Als sich ein Schüler im vergangenen Jahren wegen seiner Bisexualität zunehmend Hänseleien und Anfeindungen ausgesetzt sah, hat die Schülervertretung der Käthe-Kollwitz-Gesamtschule in Rheindorf nicht weggeschaut. "Das war der Anlass, uns mit dem Thema intensiv auseinanderzusetzen", betonte der stellvertretende Schülersprecher Noel Born. Im Ergebnis trägt die Schule seit gestern die Plakette "Schule der Vielfalt - Schule ohne Homophobie" und macht damit auch nach außen für jeden sichtbar, dass sie sich klar gegen Diskriminierung wegen der sexuellen Orientierung und sexuellen Identität eines Menschen ausspricht.

"Come in: Wir sind offen: lesbisch, schwul, bi, hetero, transsexuell", heißt es auf der kleinen Tafel im Foyer. In der Selbstverpflichtung, die Schulleitung, Elternvertretung und Schülersprecher Yusra Merabeti und Noel Born in einer Feierstunde unterschrieben, heißt es: "Wir sind überzeugt: Wertschätzung von Vielfalt in ihren unterschiedlichen Dimensionen hat eine positive Auswirkung auf die Gesellschaft.

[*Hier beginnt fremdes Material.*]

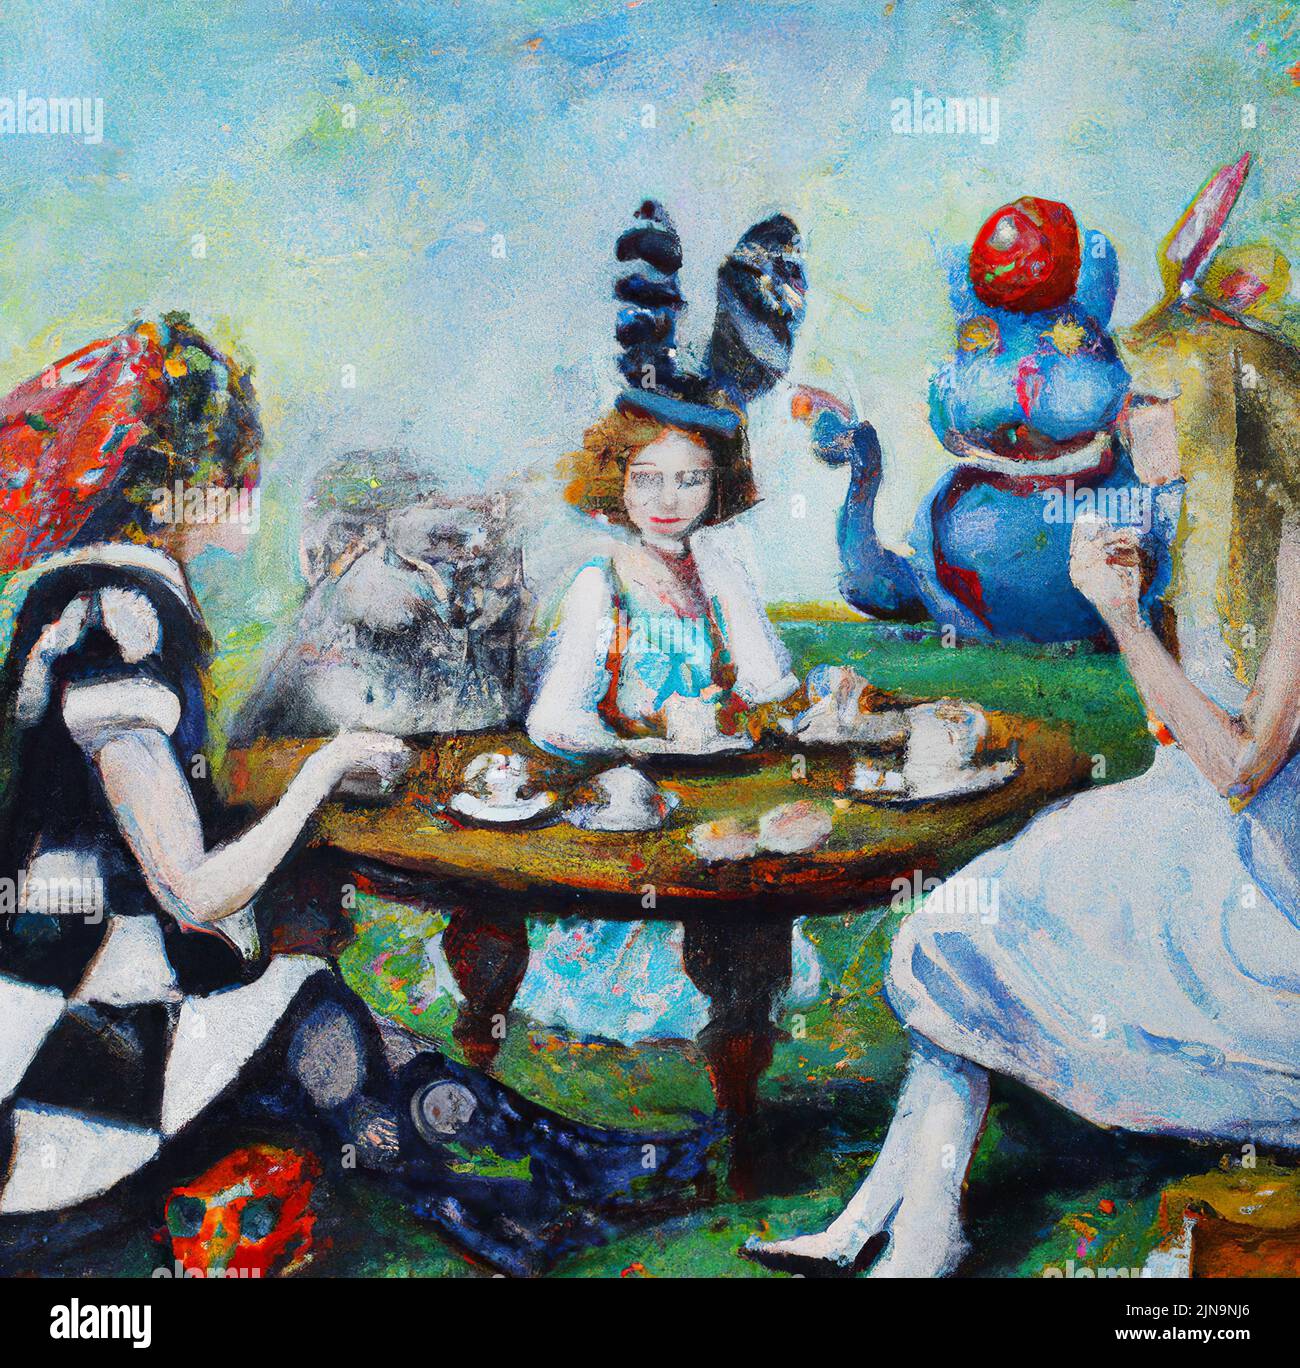 Alice in wonderland tea party blue tea Stock Photo - Alamy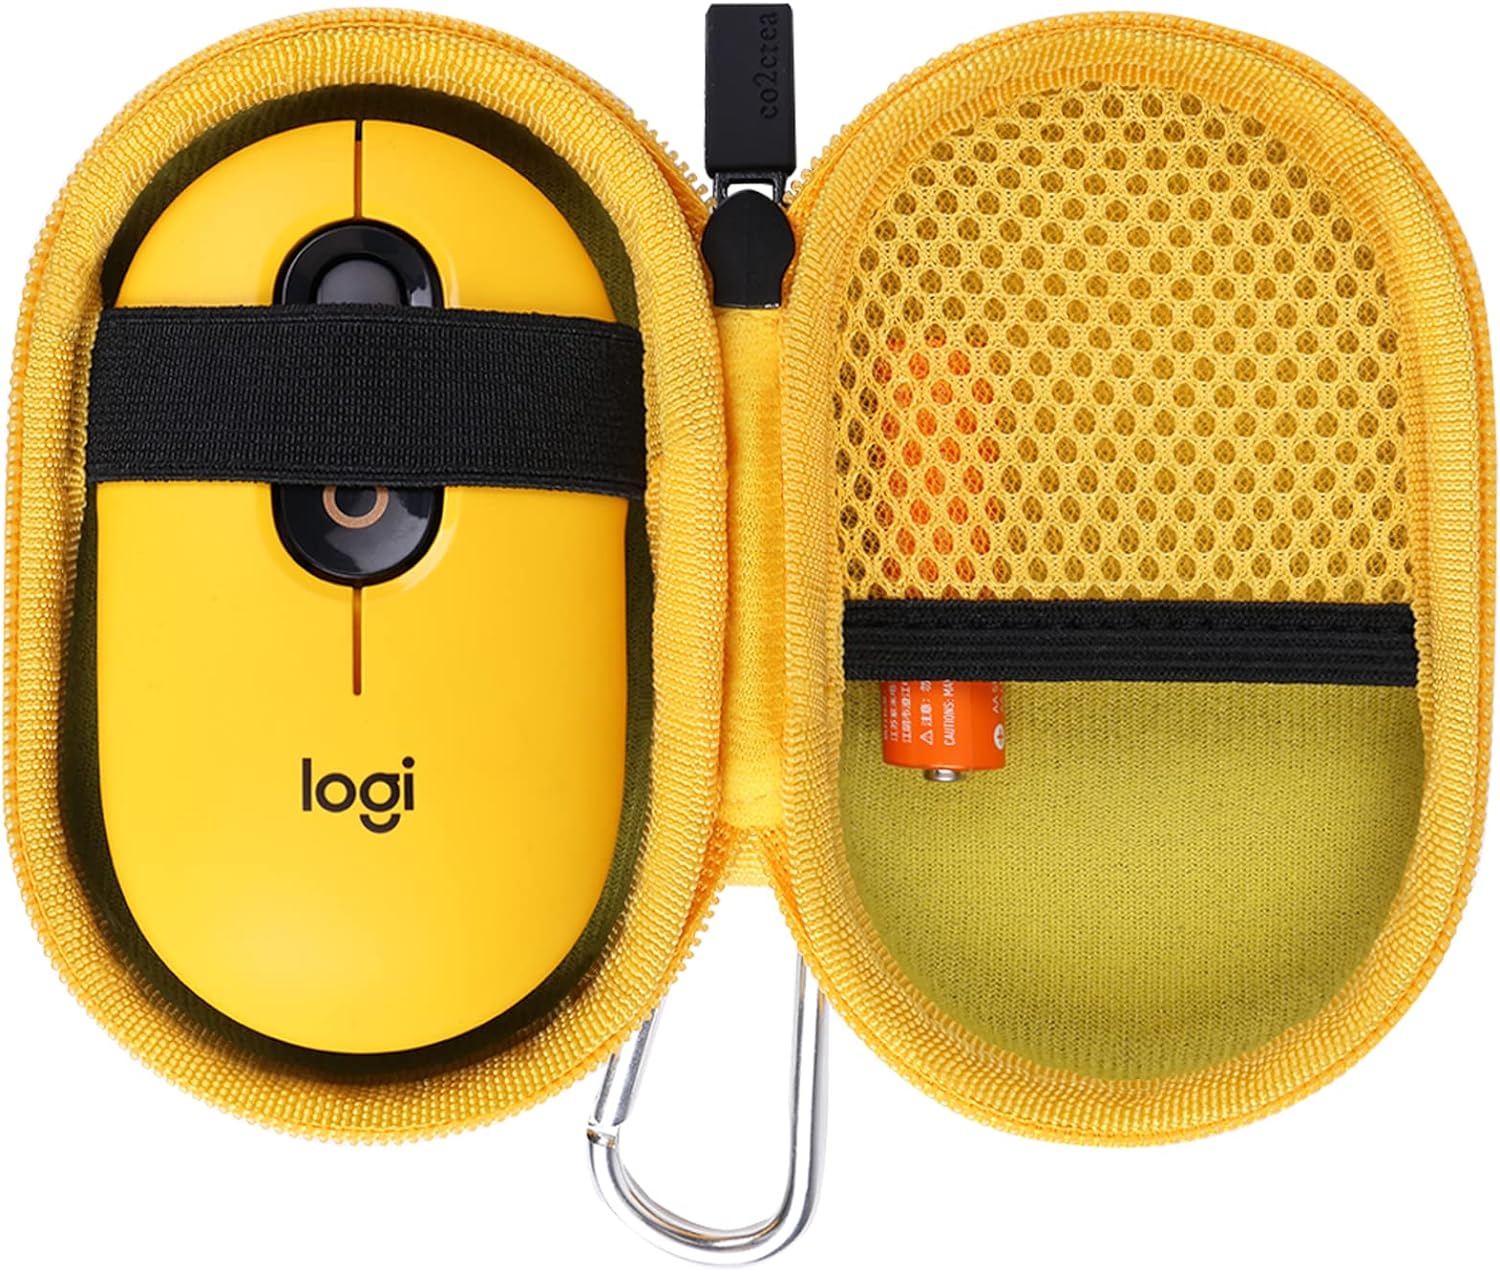 co2CREA Hard Case Replacement for Logitech POP Wireless Mouse, Black Case + Inside Blast Yellow

Daran arbeiten wir." Schirmherrin des bundesweiten Projektes ist Landesschulministerin Sylvia Löhrmann, die beim gestrigen Projektstart ebenso dabei war wie der neue Oberbürgermeister Uwe Richrath. "Ich bin stolz, Schulleiterin dieser Schüler zu sein", rief Rektorin Anette May den Kindern und Jugendlichen zu.

Die Initiative, sich an dem Netzwerk gegen Diskriminierung zu beteiligen, ging nämlich von den Schülern aus. Sie stellten den Antrag in der Schulkonferenz und konnten Lehrer und Eltern von ihrem Anliegen überzeugen. Intention des Projektes sei es, so betonte Löhrmann, ein Schulklima zu schaffen, in dem Vielfältigkeit selbstverständlich sei und Sexualität nicht tabuisiert würde.

Die Rheindorfer Gesamtschule ist die 14. in Nordrhein-Westfalen und die erste in Leverkusen, die an dem Projekt teilnimmt. An den Schulen werden altersentsprechende Informationen und Angebote bereitgestellt, die unter anderem die Akzeptanz gleichgeschlechtlicher Lebensweisen fördern. "Im Endeffekt sind wir alle Menschen", betonte Schülersprecherin Yusra Merabeti in ihrem Plädoyer für Toleranz.